• _Recorded information_
--------------------------------
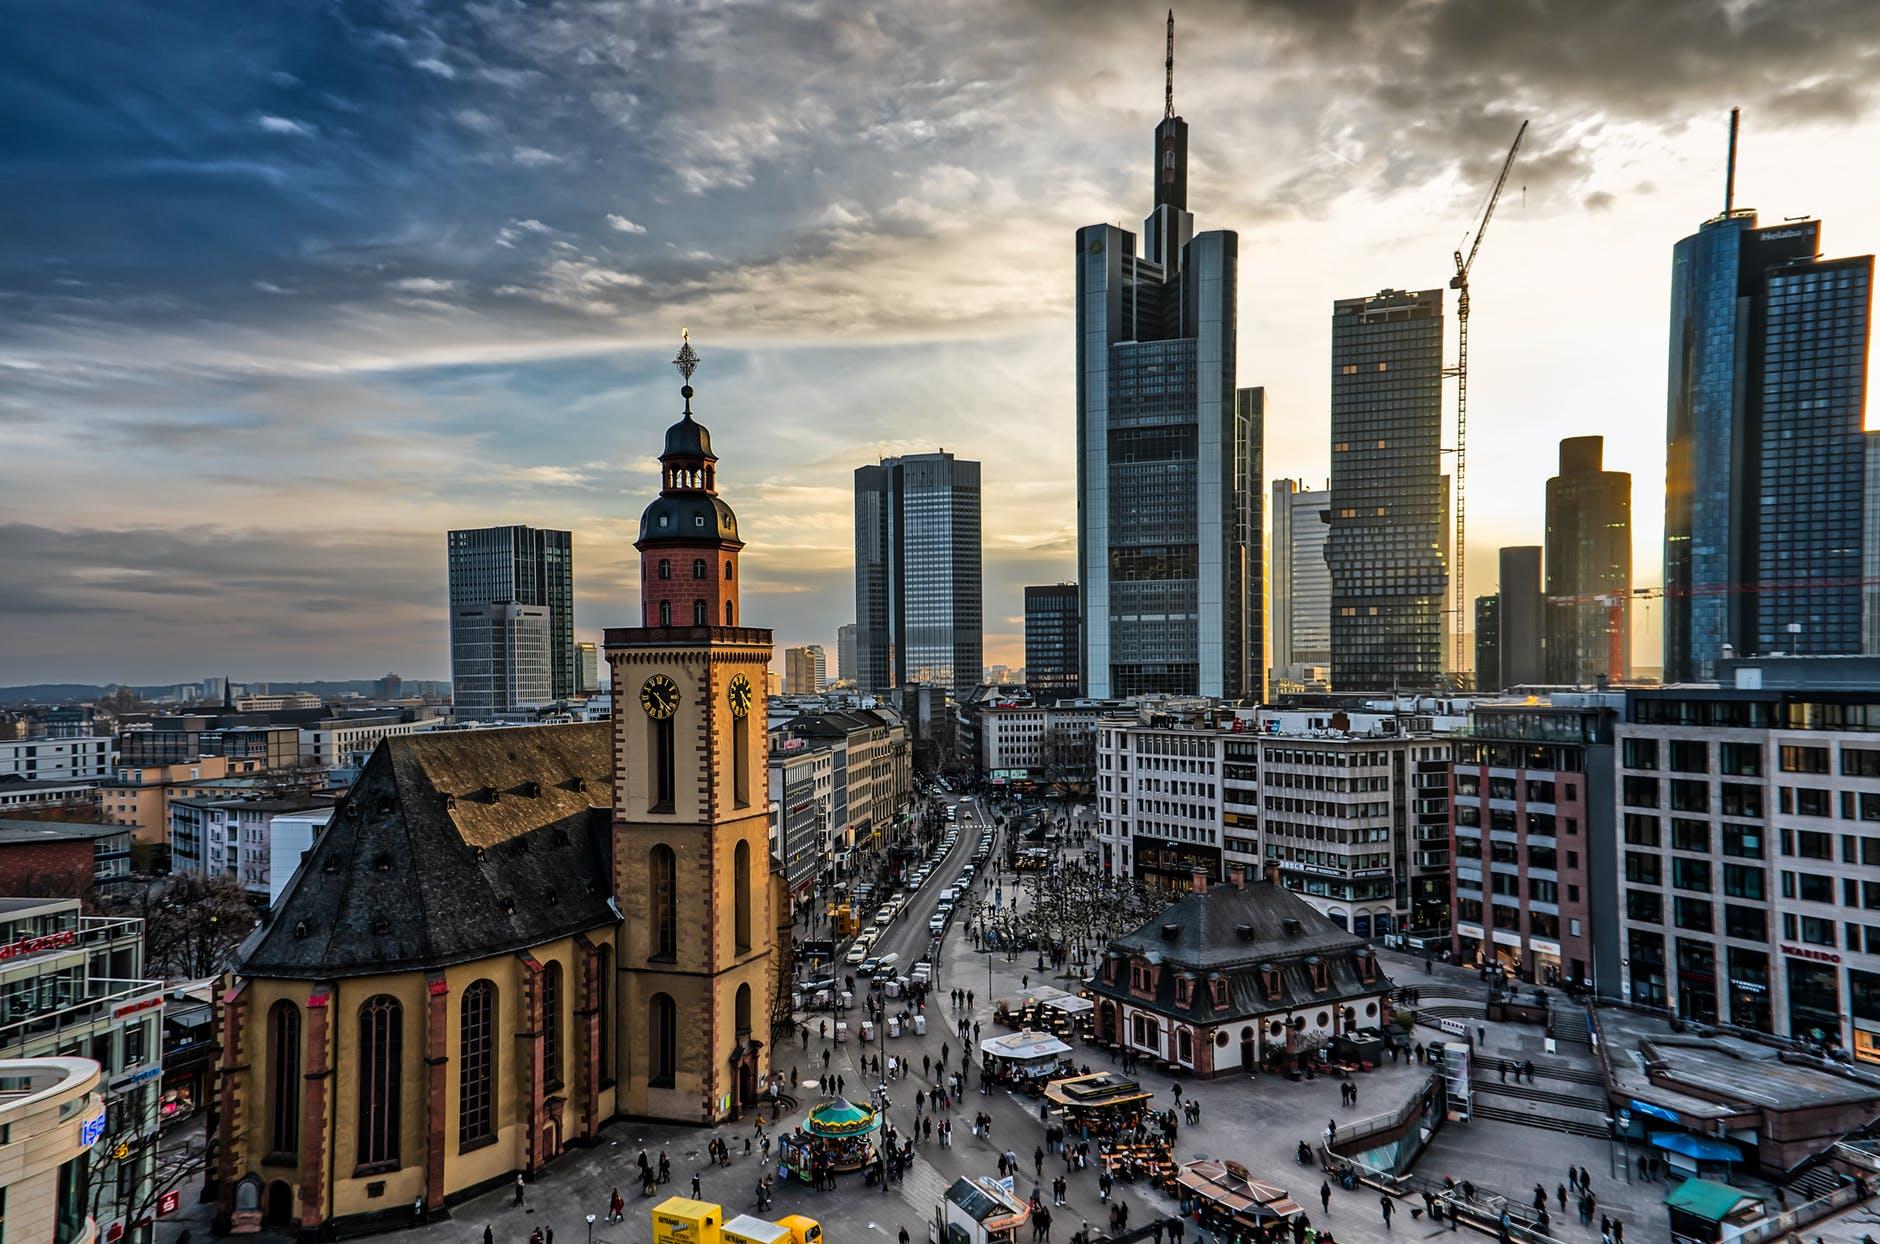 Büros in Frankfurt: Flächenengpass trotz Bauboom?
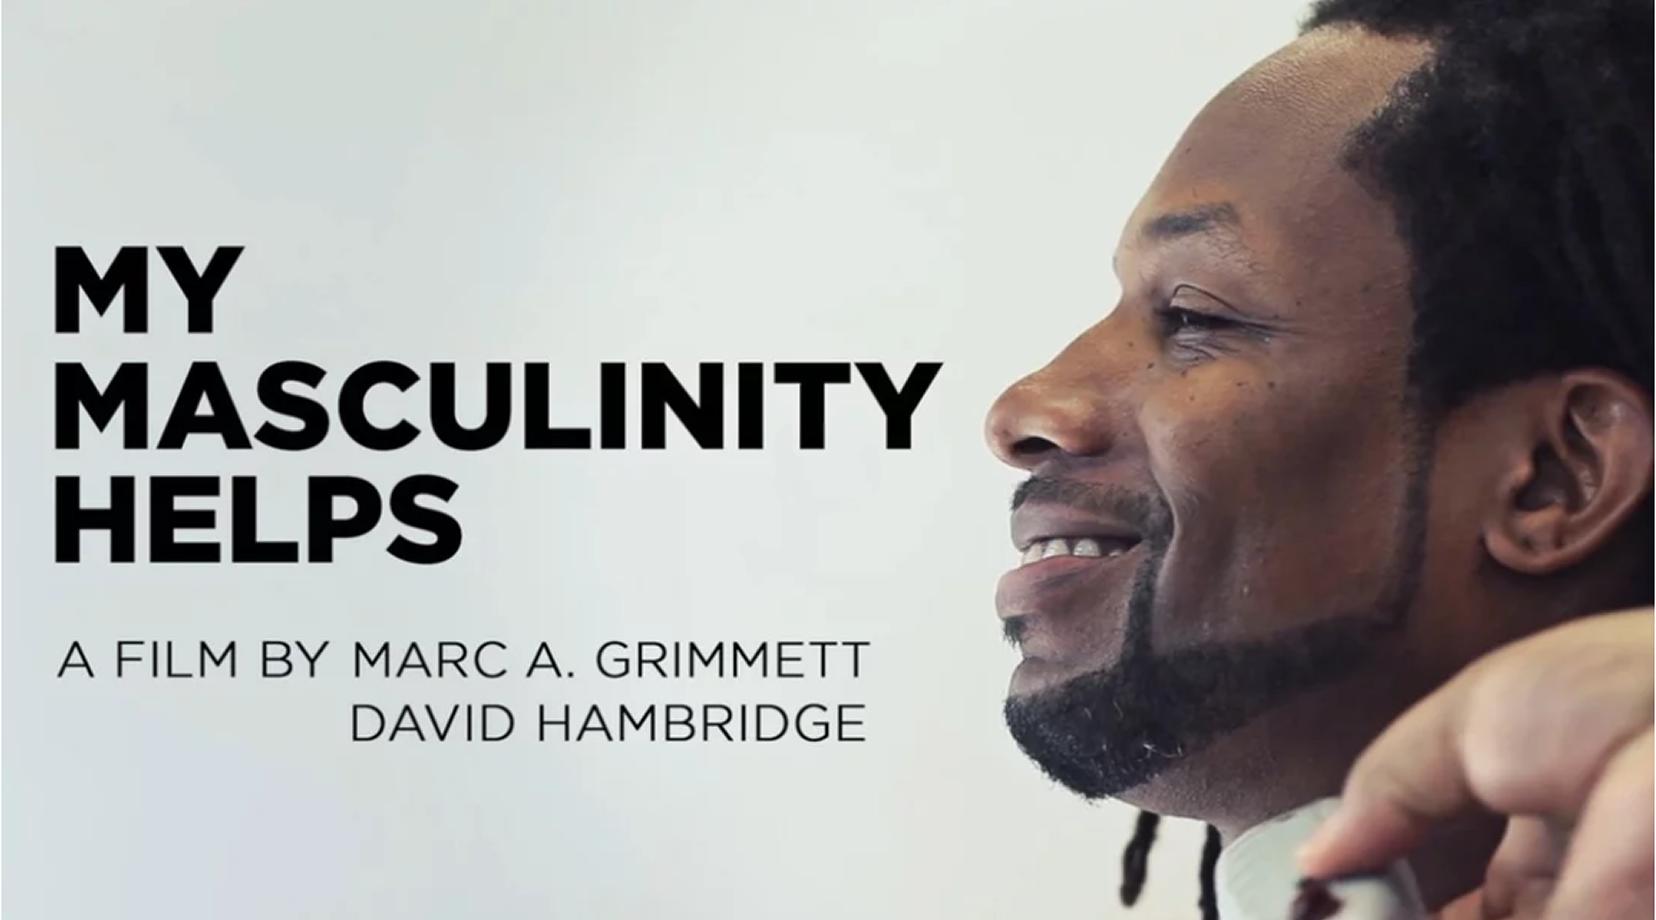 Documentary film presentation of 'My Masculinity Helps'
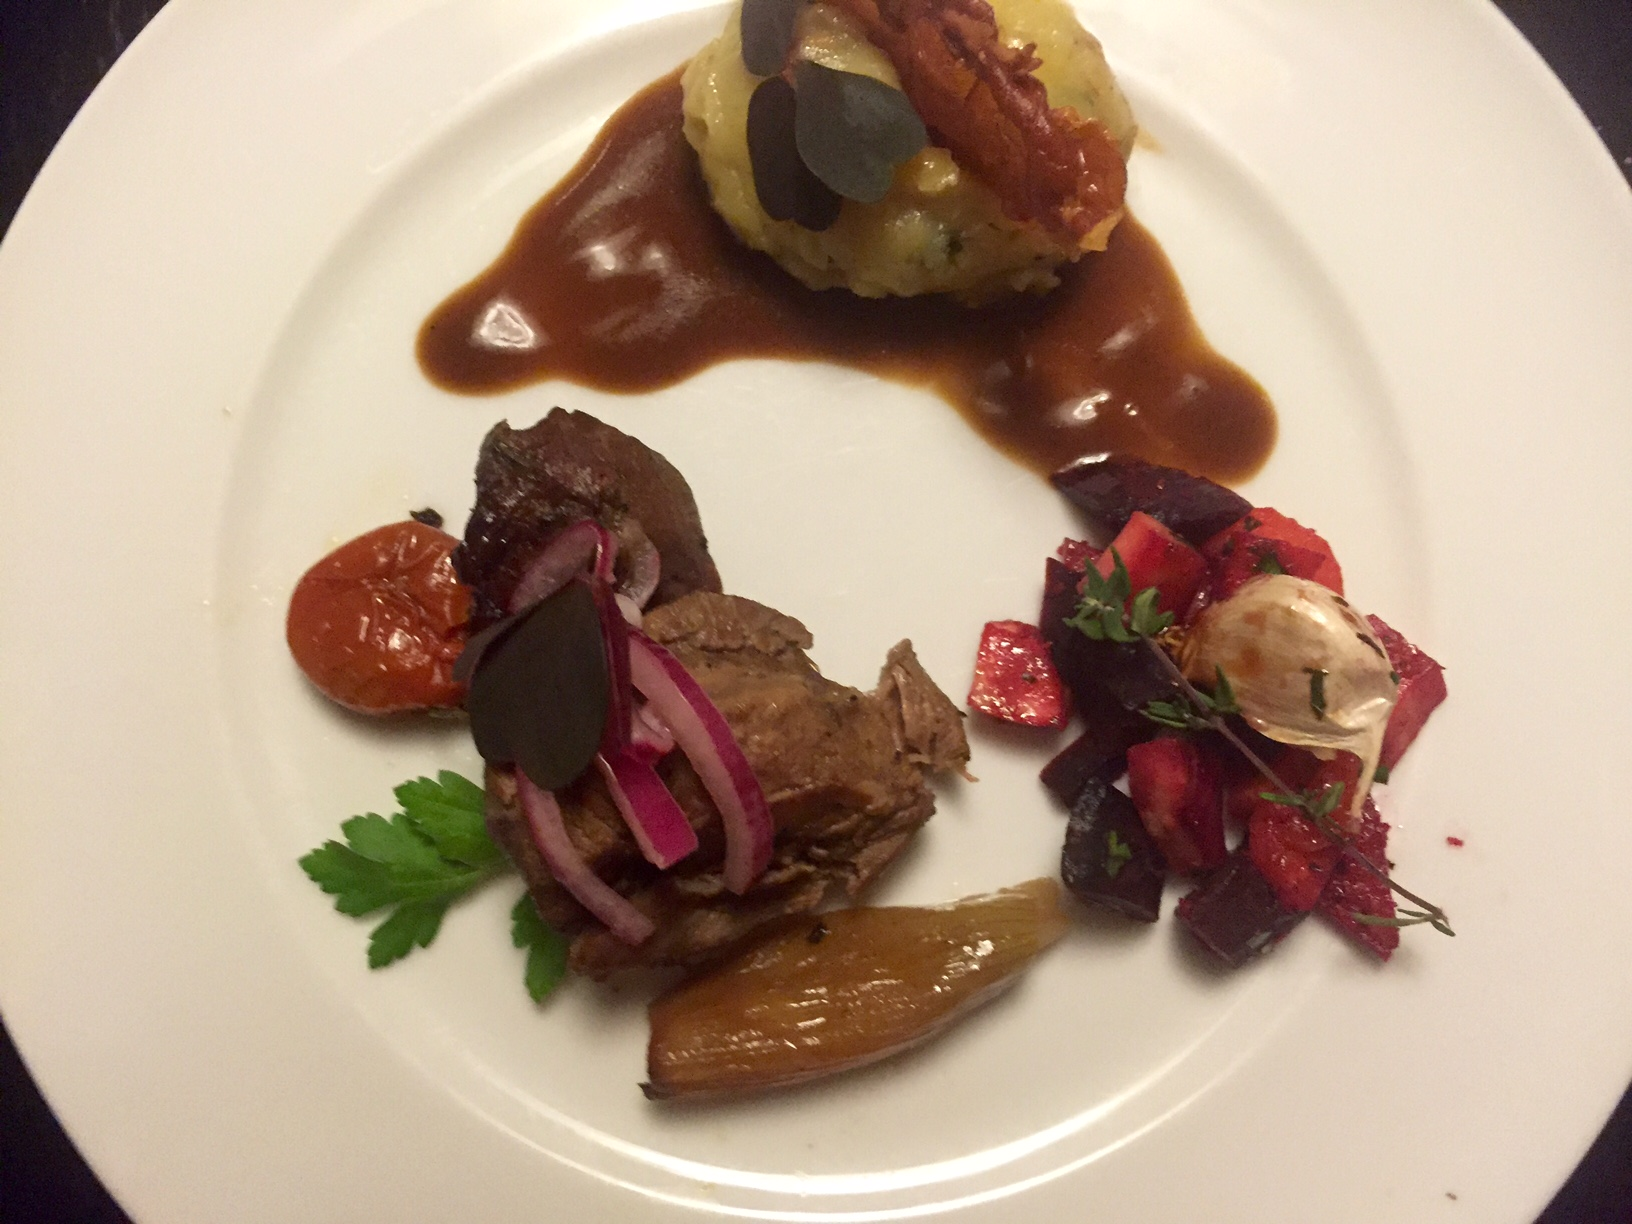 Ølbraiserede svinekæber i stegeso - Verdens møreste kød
--------------------------------
• _Task to carry out_
Repeat all the material exactly, but keep pictures out of the copy.

• _Result for this exercise_
 Büros in Frankfurt: Flächenengpass trotz Bauboom?
 Documentary film presentation of 'My Masculinity Helps'
 Ølbraiserede svinekæber i stegeso - Verdens møreste kød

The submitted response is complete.